Good afternoon. I’ve gathered you here today because you’re the best of the best. And because you’re my family.

I’m happy to announce that I am donating my body to the College of Liberal Arts. I will be escaping the slow march of death by running straight to those funny English majors sleeping near the coffee machine.

See, the thing with donating my biowaste is I don’t need my dead body being jabbed into on a cutting board surrounded by a bunch of highly intelligent and curious doctors. I detest the very sight of tabletop medical equipment. Reflex hammers: that’s what I’m talking about. My celestial spirit shouldn’t have to overhear intense academics communicate important medical information. It may be their chosen field, but my body isn’t a laboratory, okay?

C’mon! I’d like to do anatomical explorations while I’m still alive, am I right guys?! I’m supposed to put my dead body on the line as an example of what happens to you when you don’t drink enough cold bean water? Really? I’m insulted by the accusation. These future taxidermists would giggle the ever-loving shit out of every tattoo placement and my inflamed eczema would be live-tweeted. It’s a non-contagious skin rash. It isn’t a huge part of my life, NERDS!

I feel compelled to help the humanities program with their flow of corpses. This is going to take some serious planning and managing, not to mention the switching of rubber or plastic cadavers in lieu of my real dead body. Some of the brightest humans study philosophy. History. Fine arts. My dead body deserves nimble artists unbothered by future joblessness.

By now I’m sure all of you have some religious concerns as to my arrangements since I won’t be laid to rest in a nicely built tomb. Don’t get me wrong, a grave to visit is obviously VERY important, but I am absolutely committed to this endeavor. I am willing to be cut up into beef stew-size pieces with an electric chainsaw just as long as the folks carving me up are sports writers from the campus radio station.

Gifting my carcass to the Social Sciences Department is groundbreaking stuff.

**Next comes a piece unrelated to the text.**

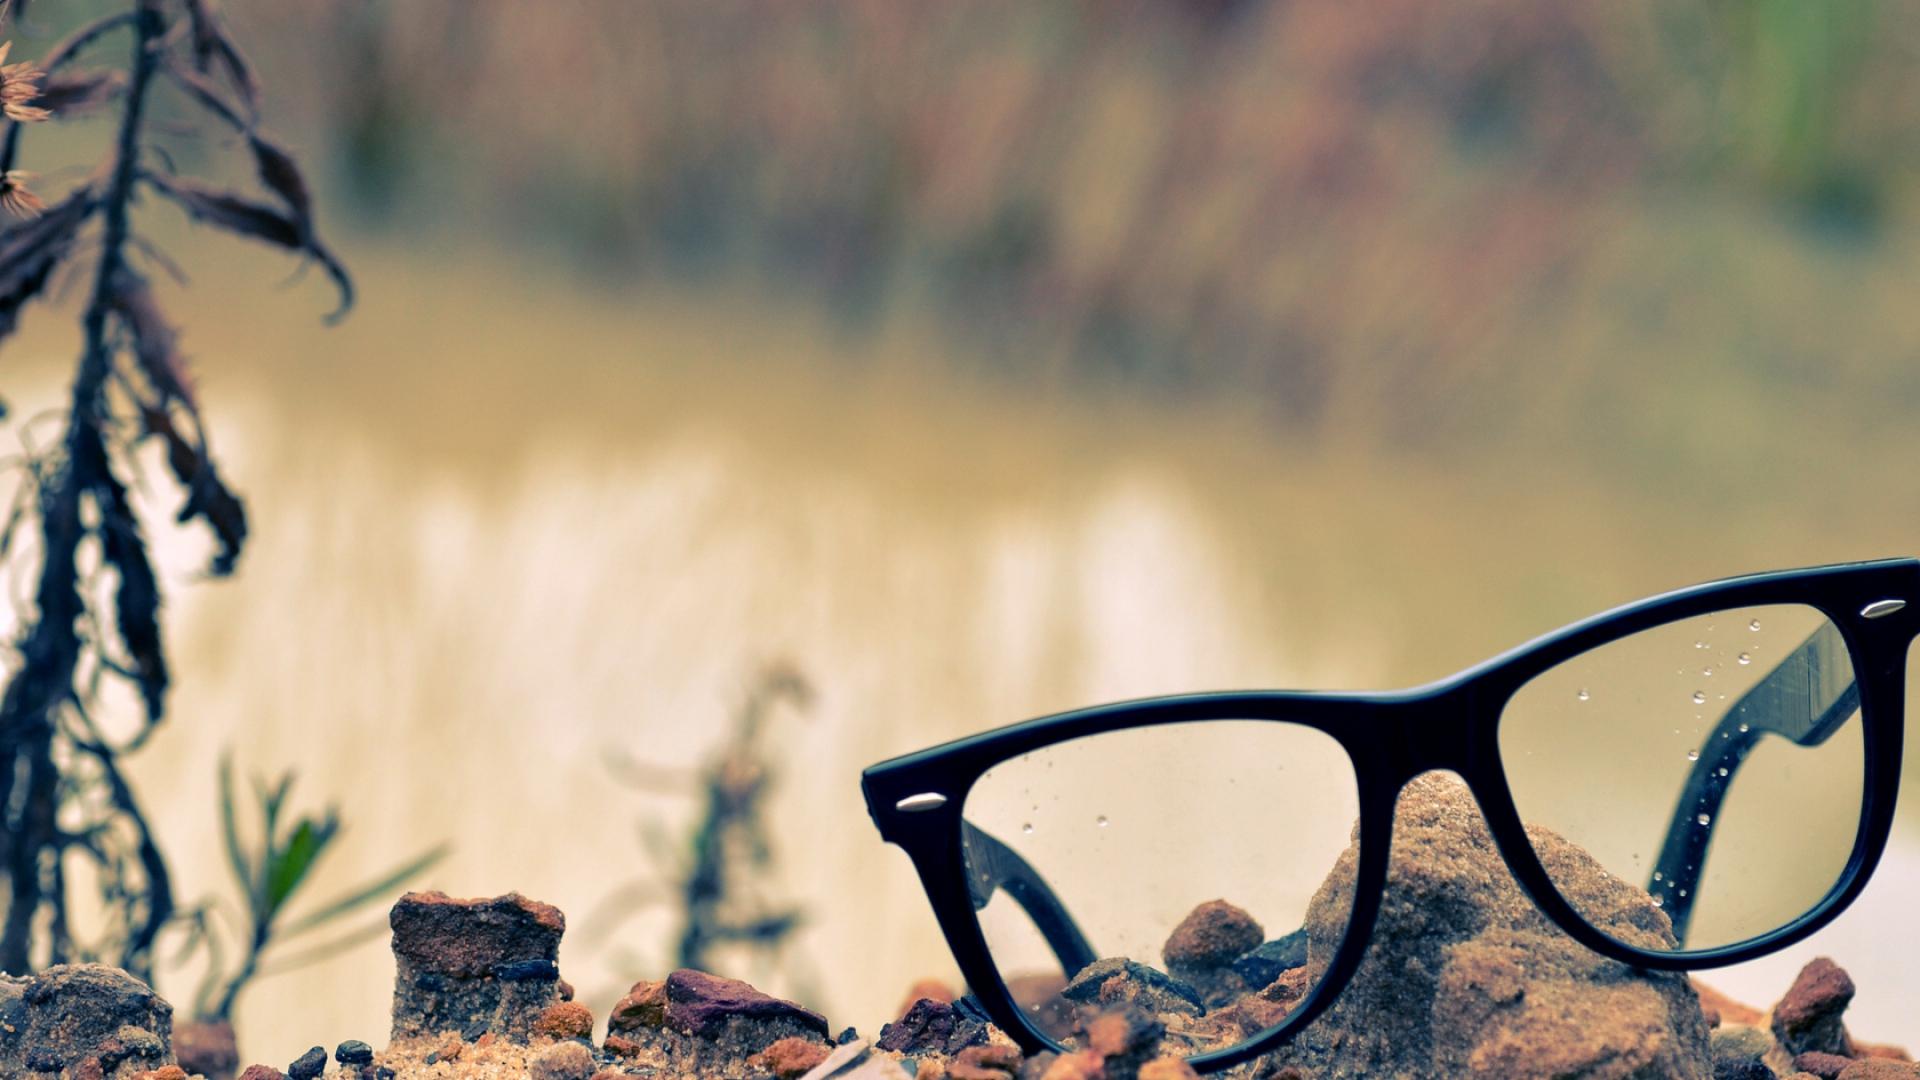 Download Wallpaper 1920x1080 Glasses, Lenses, Rocks, Grass
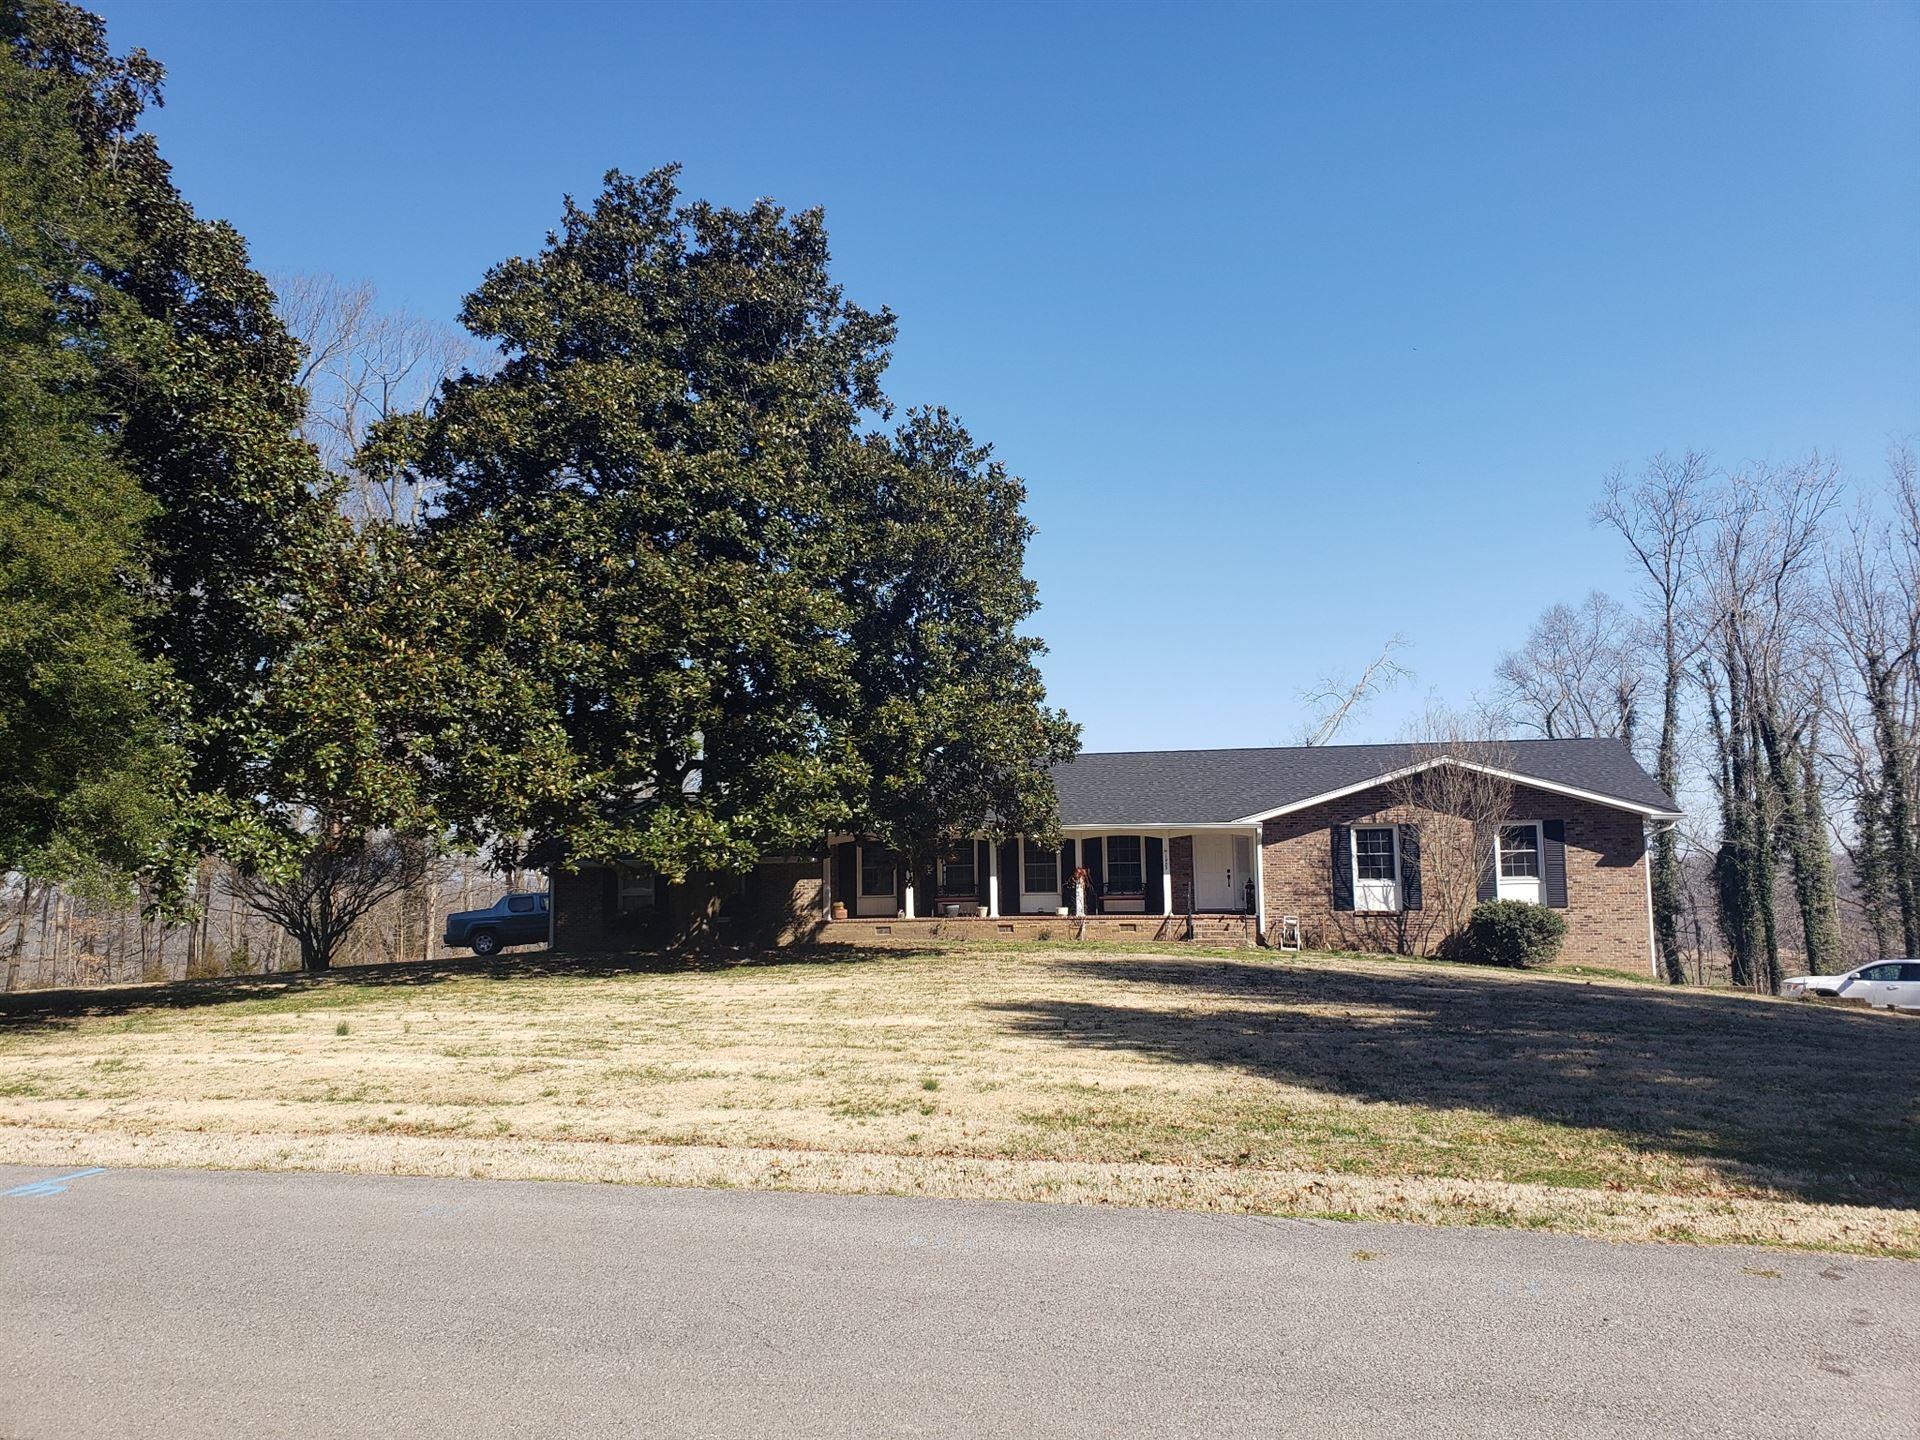 1983 Norwood Trl, Clarksville, TN 37043 - MLS#: 2233466

The fact that you guys are reaching for tortilla chips and salsa indicates that you’re heartbroken. I hear yawns in the room, so it’s pretty clear everyone’s wracked by grief at my newfangled plan.

Please try to remain optimistic.

My special donation is a painless one—believe me. Take comfort in knowing that I’ll be “the full package” that students are required to get when they sign up.

Yeah, take general studies majors. THEY will leave me untouched. There’s no way they get one good look at my veins and think, “Yeah, I could stick an IV in that.” Pull out my tongue with a pair of pliers? Spackle my belly button? Sharpie the especially funny bits? These students are far too busy glue sniffing to notice my inexorable stench. They’ll weigh their options of either driving me in the carpool lane or locking me inside the soda vending machine as a temporary mausoleum. Just place me next to the Twix candy!

That reminds me, I need to eat something. I therefore bequeath my bod to the nontraditional general studies students because they know how to tailgate and score free food.

Now, poets. A soft-hearted, romantic poet will probably try to have sex with me. Completely permissible. It’s kind of an elaborate fantasy of mine.

Huh?

Sorry. I was lost in thought.

Look, we can sit here all day examining the metaphysical meaning of my death, but I know what’s best for my body, OK? And that’s to unlawfully grant access to sustainable beekeeping    professors whom have never seen a dead body before, let alone touched one.

Also, I don’t wish to be one of those anonymous donors. For God’s sake, make sure you spell and pronounce my name clearly when the time comes. Thank you.

Where’s Mom going? Hey, why is Mom walking out of the room, mumbling something about my web series being her only grandchild? Too choked up, huh? Yeah, this may seem like a lot to deal with, but this here is an untapped market: snubbing the fancy white coats and rewarding the dreamers.

I stand by my decision. I don’t want to be cremated; I want to be curated.

Yeah, if you don’t mind, I need you, my dear family—well, just you, Pops—to sign off on my terminus by the end of the day. Death could be hurtling AT ME. With your blessing, my dead body can be the essential learning tool for that vocal performance major.